# Marlin .357



## blackcrowe (Jan 16, 2008)

My grandfather has given me a couple of guns over the years, and next time I go to see him I'm going to get a Marlin lever action .357. I've shot it before and it's fun to shoot at the range, but I'm curious to what the applications for this firearm are. Obviously .357 is a great defense load in a hand gun, but I was just wondering the purpose for a lever action rifle in this caliber. Anybody else own one of these? If so what do you use it for.


----------



## DJ Niner (Oct 3, 2006)

I've not owned one of the .357 models, but several friends have, and I've owned a couple of the very similar .44 Magnum models over the years.
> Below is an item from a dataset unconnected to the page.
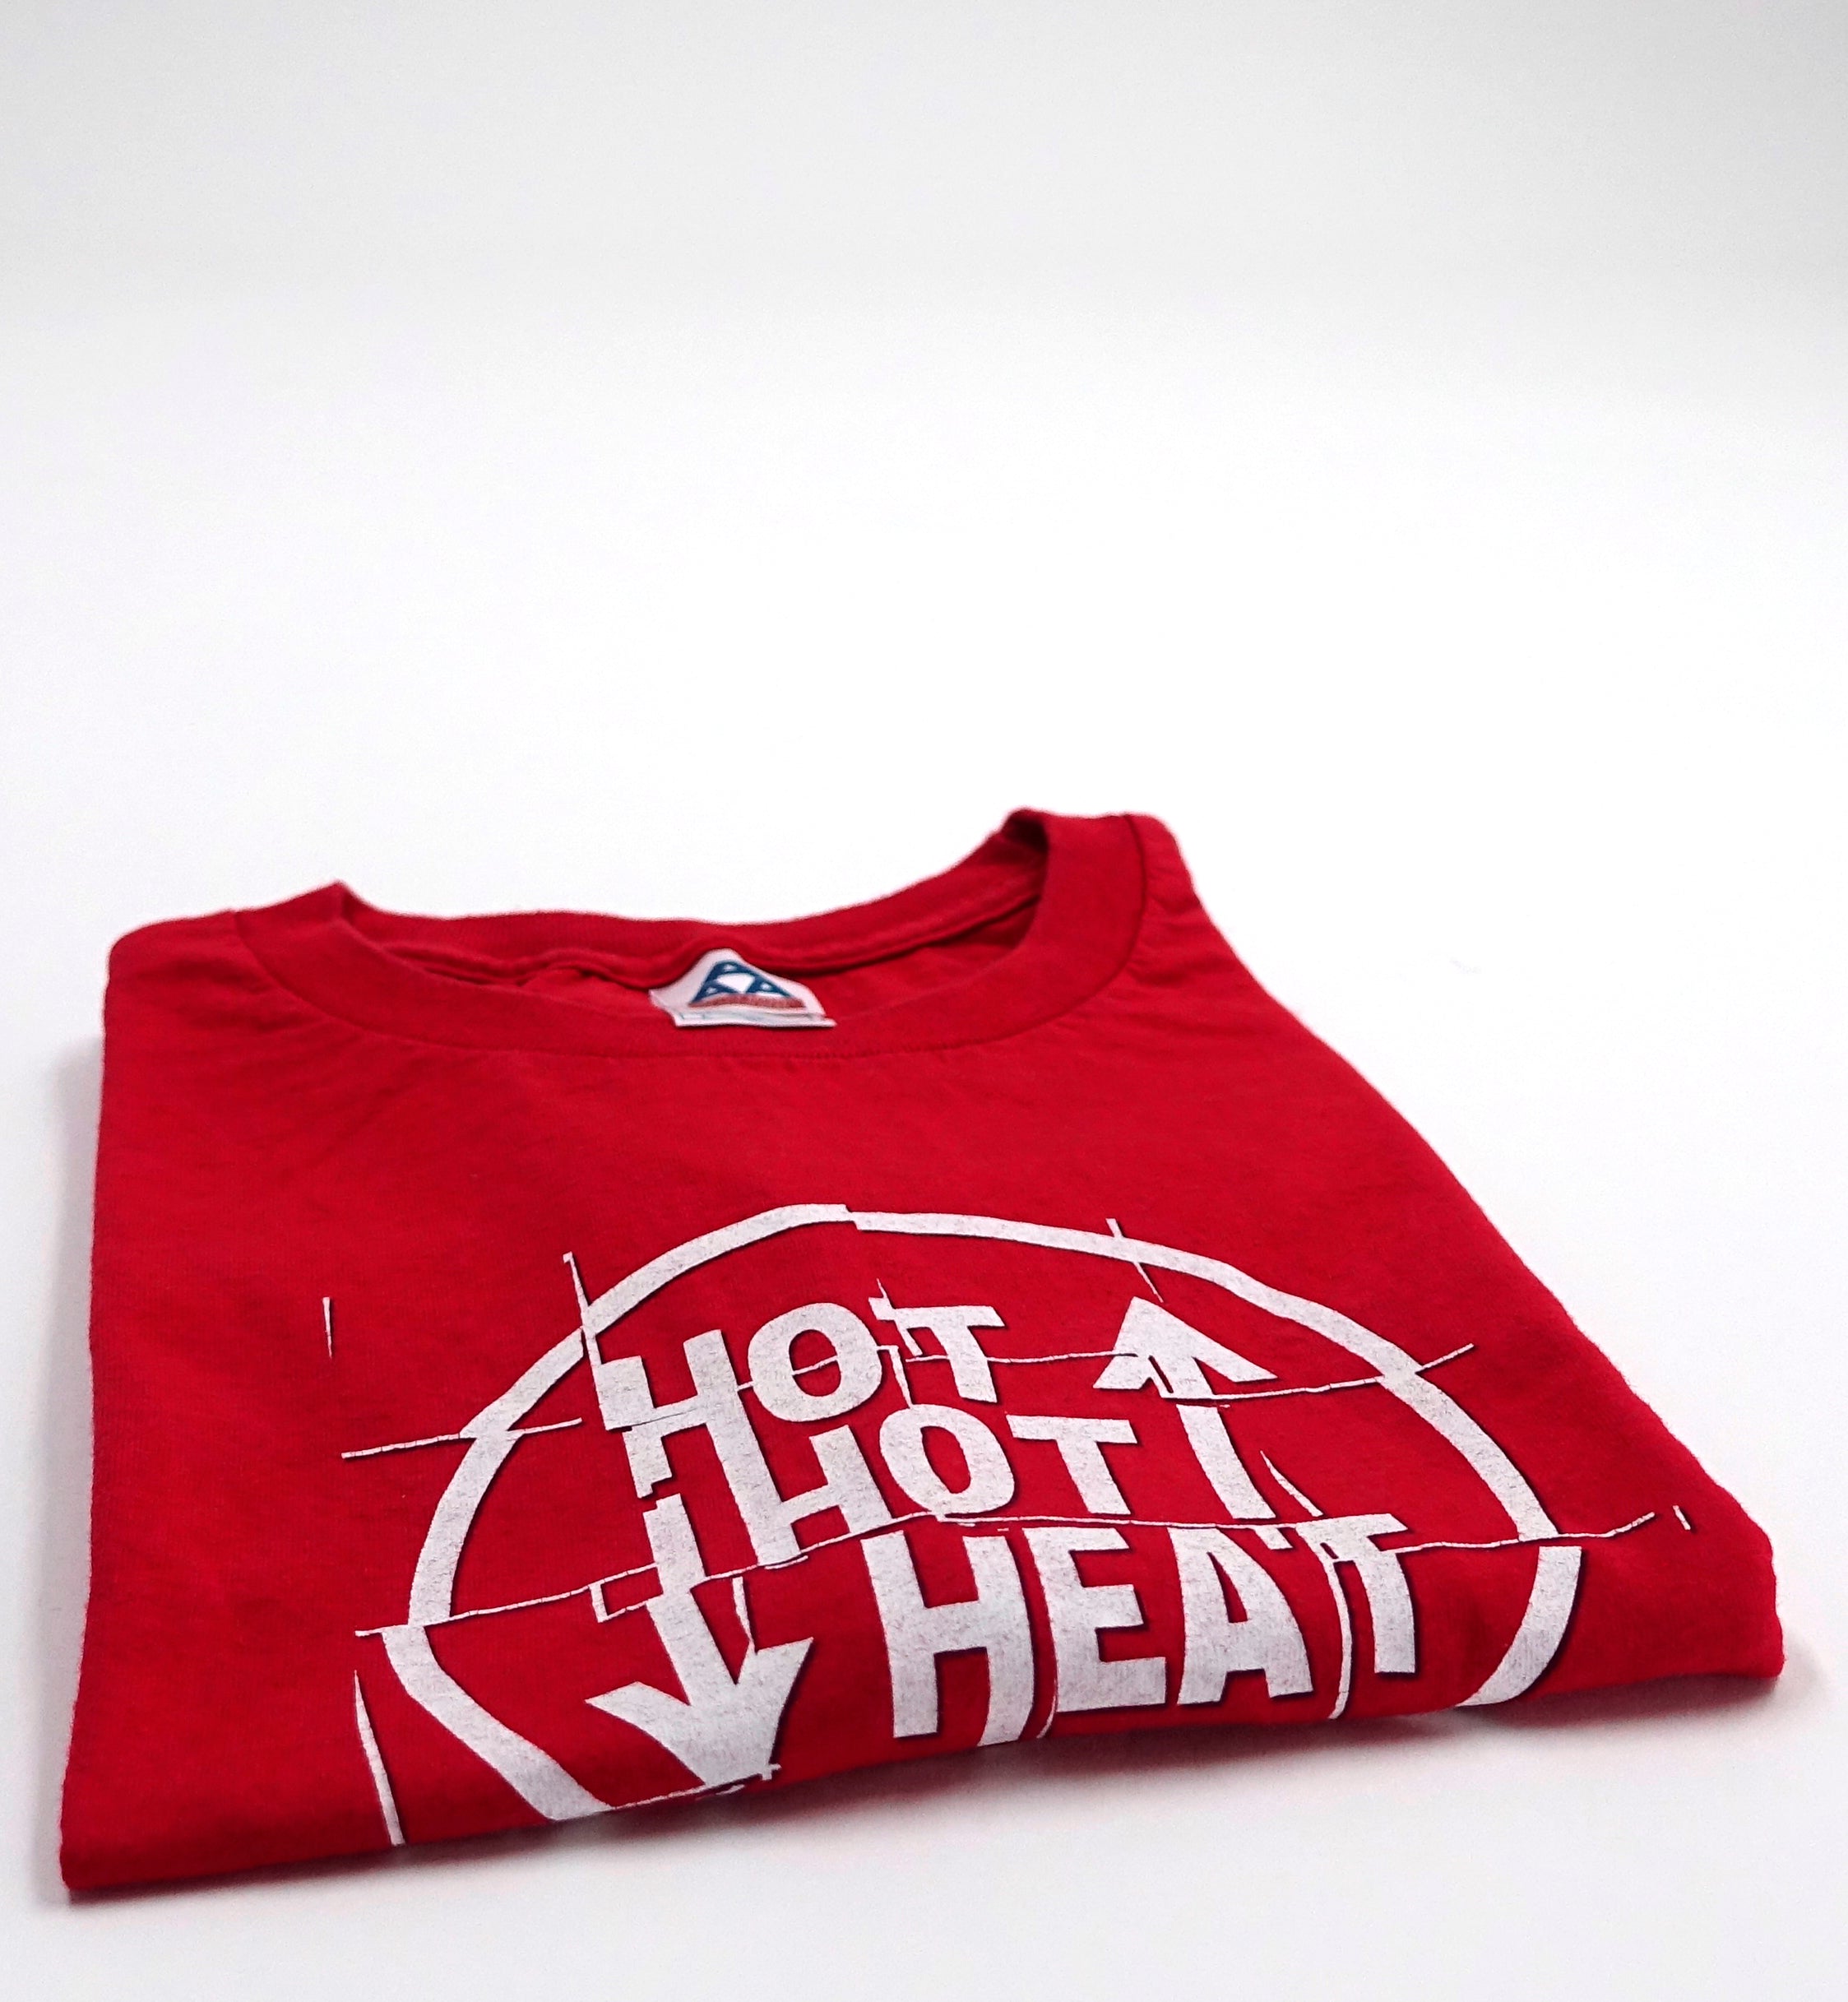 Hot Hot Heat - Elevator 2005 Tour Shirt Size Large

They make a fine close-range deer-and-smaller-game hunting rifle. I wouldn't tackle a moose with one, but if you use a well-constructed bullet and place your shot carefully, any whitetail should be fair game, as well as varmints, fur animals like fox and coyote, and even small game (if legal; in my state, you can't use centerfires for squirrels, as they don't want folks shooting up into the treetops with big bullets -- rimfires only, here). Don't plan on shooting at really big critters or hunting out past 200+ yards with them, as the cartridges just don't shoot flat enough or hit hard enough for these to be reasonable goals; but inside 100 yards (where the majority of deer are harvested, IMO), they will work very well.
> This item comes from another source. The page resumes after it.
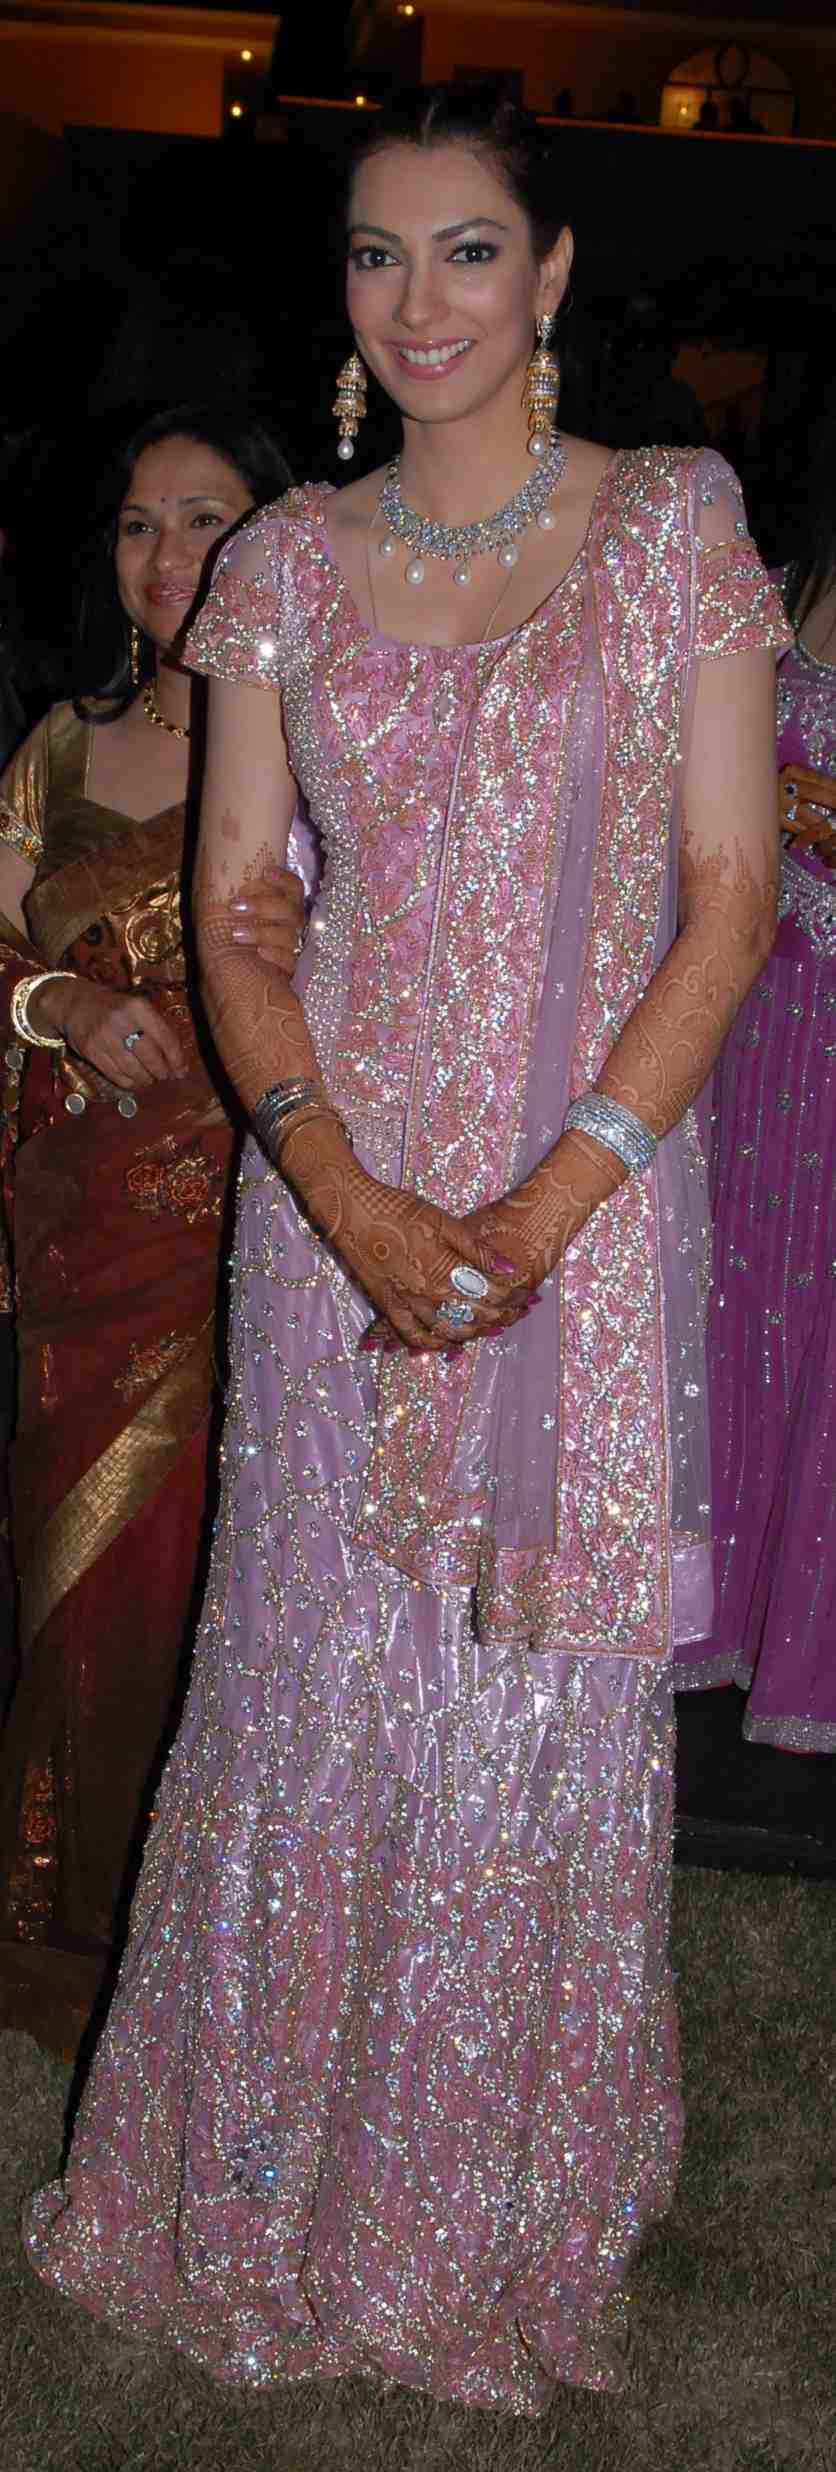 Yukta Mookhey in her wedding Dress on 8th November 2008

They are also popular as "truck guns" or just-in-case "emergency" rifles in rural areas. Anywhere you might see a .30-30 in a gun rack or stashed in a car trunk, the .357 lever-action will fill the same need.

With correct loads, they can also serve as personal defense weapons; in fact, there is quite a following of folks who think these are nearly as effective as an "evil assault-type rifle", without the politically incorrect image problems. They don't reload quite as quickly, but it well-trained hands, they can be formidable defense tools.

Finally, they are fun informal target-shooting guns. I call .22 rimfires "plinkers", and bigger guns in the same role "plunkers." :mrgreen: The .357 is light and handy, can shoot the shorter and less-powerful .38 Special ammo for training new shooters of for lower-cost practice, and is usually cheaper to shoot than similar guns in real rifle calibers like .30-30s. You can also shoot pistol-caliber rifles on most indoor ranges, where rifle-caliber rifles and carbines may be restricted from use.


----------



## GURU1911 (Nov 16, 2010)

Another thing to consider, is that your rifle & revolver (if you have one) can both use the same ammo. However, because of the length of the rifle barrel, you can use heavy charges of slow burning powder & heavy bullets to reach levels of kinetic impact energy & velocity that would be impossible to obtain in your revolver.


----------